Tomorrow I will attempt to determine whether the SQL Server actually delivers the "missing" data to EF. I wrote a DbCommandInterceptor that reads the content of the data reader and logs the IDs of all the obligations within. This should, hopefully, confirm whether the problem lies with EF or the SQL Server.

mareklinka commented 3 years ago

Tried the interceptor but then I realized that my testing methodology was flawed, mainly due to how our system operates. I still don't know exactly where the issue is coming from but now I'm reasonably sure it's our application or environment, not EF. And since we have a fix/workaround available (don't use AsSplitQuery for this query) I will not be pursuing this further.

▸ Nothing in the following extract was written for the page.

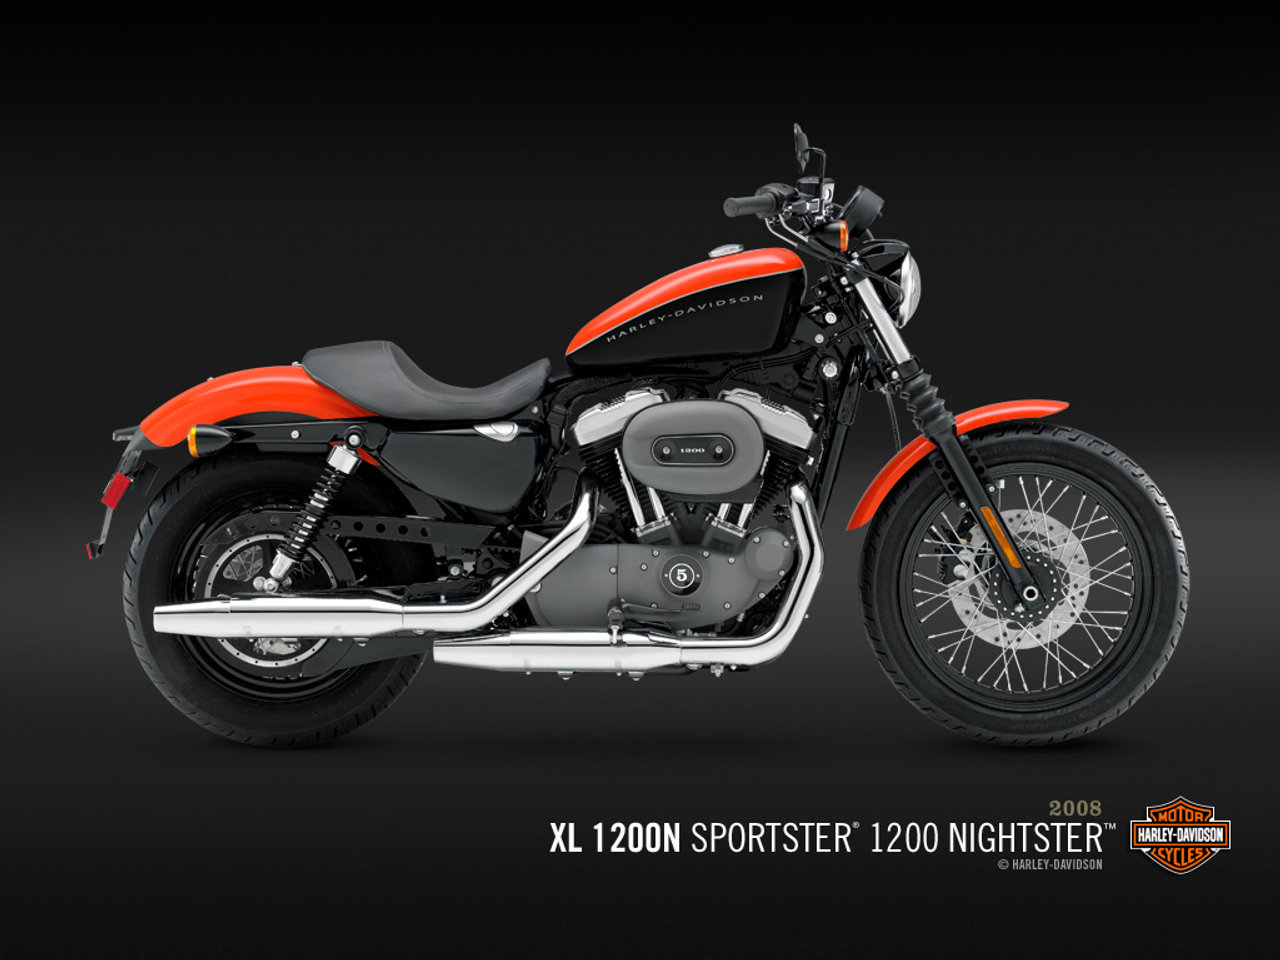 Harley Davidson Sportster Wallpaper 7116 Hd Wallpapers in Bikes 1280x960

Sorry for the noise and using GH as a rubber duck. Closing.

ajcvickers commented 3 years ago

@mareklinka No problem; thanks for diligently pursuing this on your side.

AppleRyan commented 2 years ago

Met with the same problem in our prod environments when using splitting query.

This is not going to be much of a bug report because I'm currently unable to reliably reproduce the issue described but I wanted to maybe get a conversation started that might point me in the right direction.

We use the EF Core 5.0.8 against MS SQL Server 2016 setup in a synchronized cluster.

The situation is as follows: we have a table which for each "entity" contains two rows - a baseline and a modified version. Since the two use the same schema, they are in the same table. There is no self-referencing key binding the original to the modified item.

We had a performance issue with a specific query (the table has a lot of columns + several child collections) so we decided to enable query splitting. Since then, we sporadically (< 5% of executions) get into a situation where one of the child collections fails to load, leading to data loss down the line.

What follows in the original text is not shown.